▶ Aim of the task
Search term "Wasserfahrzeugs": please show all lines in the listing that contain it.

▶ Exercise inputs
_ _ _ _
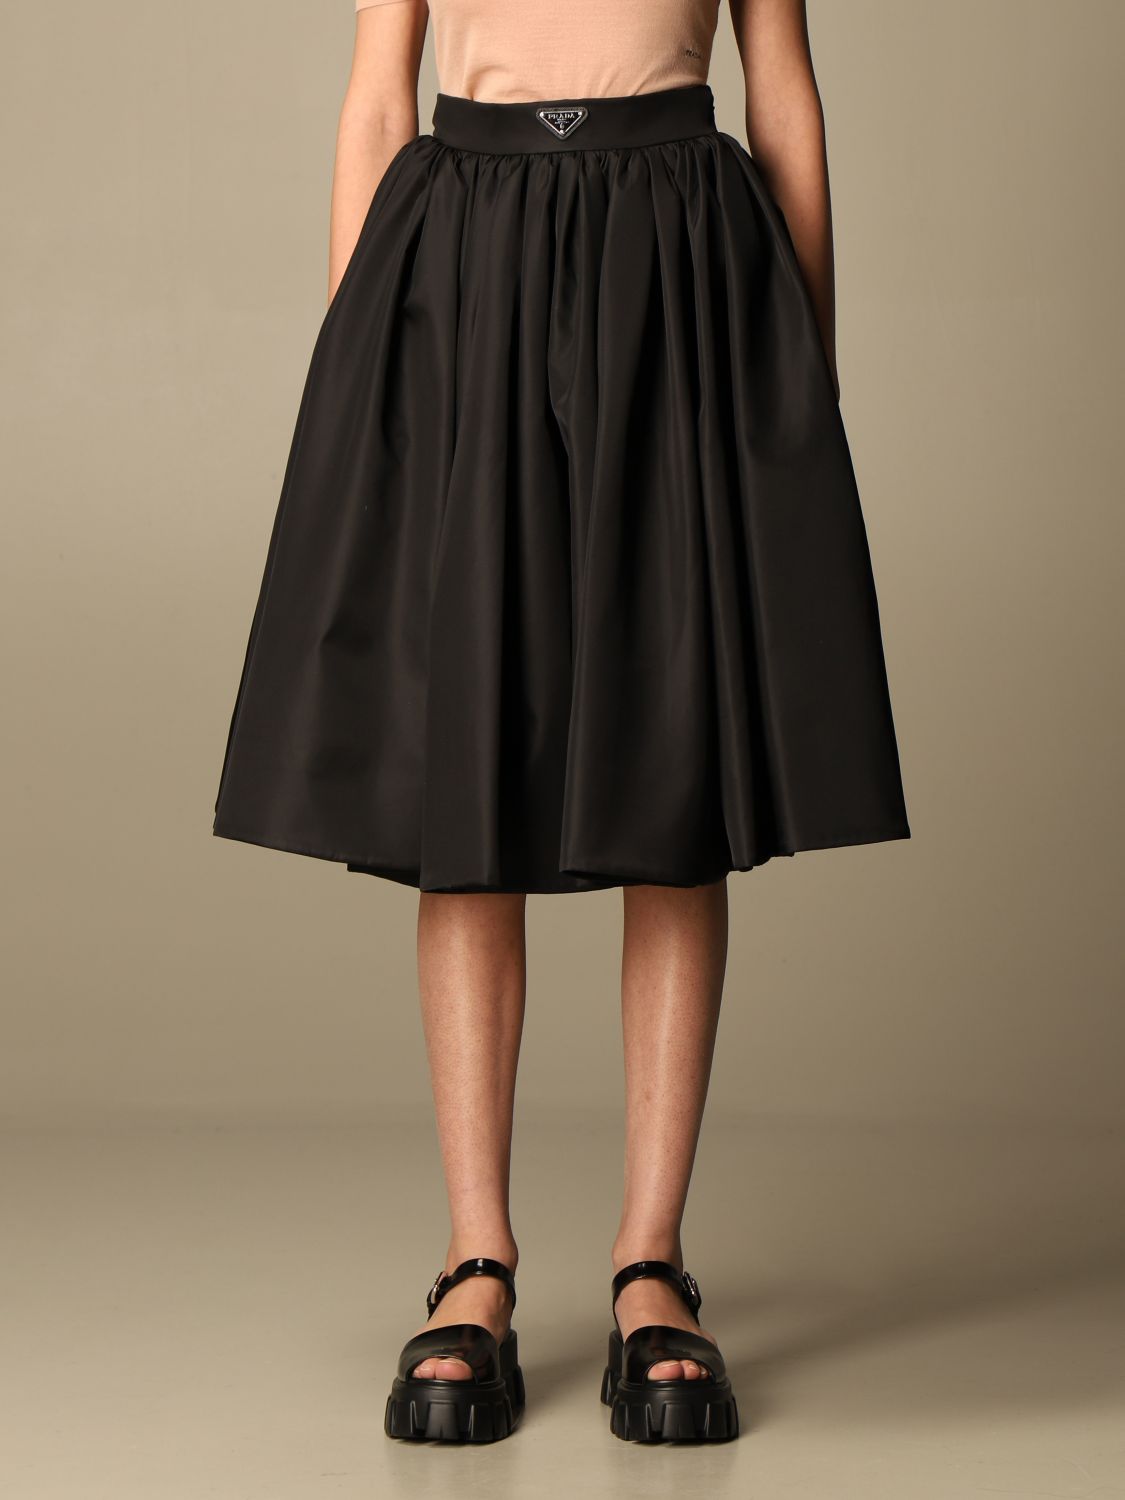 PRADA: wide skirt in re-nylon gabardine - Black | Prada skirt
_ _ _ _
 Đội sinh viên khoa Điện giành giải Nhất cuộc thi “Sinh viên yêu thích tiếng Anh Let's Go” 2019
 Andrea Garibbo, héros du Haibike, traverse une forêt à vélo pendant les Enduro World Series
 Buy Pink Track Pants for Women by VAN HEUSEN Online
_ _ _ _
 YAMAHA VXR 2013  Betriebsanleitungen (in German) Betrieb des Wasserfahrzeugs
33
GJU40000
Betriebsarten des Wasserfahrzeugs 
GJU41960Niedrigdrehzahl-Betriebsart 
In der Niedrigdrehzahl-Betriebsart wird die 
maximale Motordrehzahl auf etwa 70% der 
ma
_ _ _ _
▶ Response for this exercise
 YAMAHA VXR 2013  Betriebsanleitungen (in German) Betrieb des Wasserfahrzeugs
Betriebsarten des Wasserfahrzeugs 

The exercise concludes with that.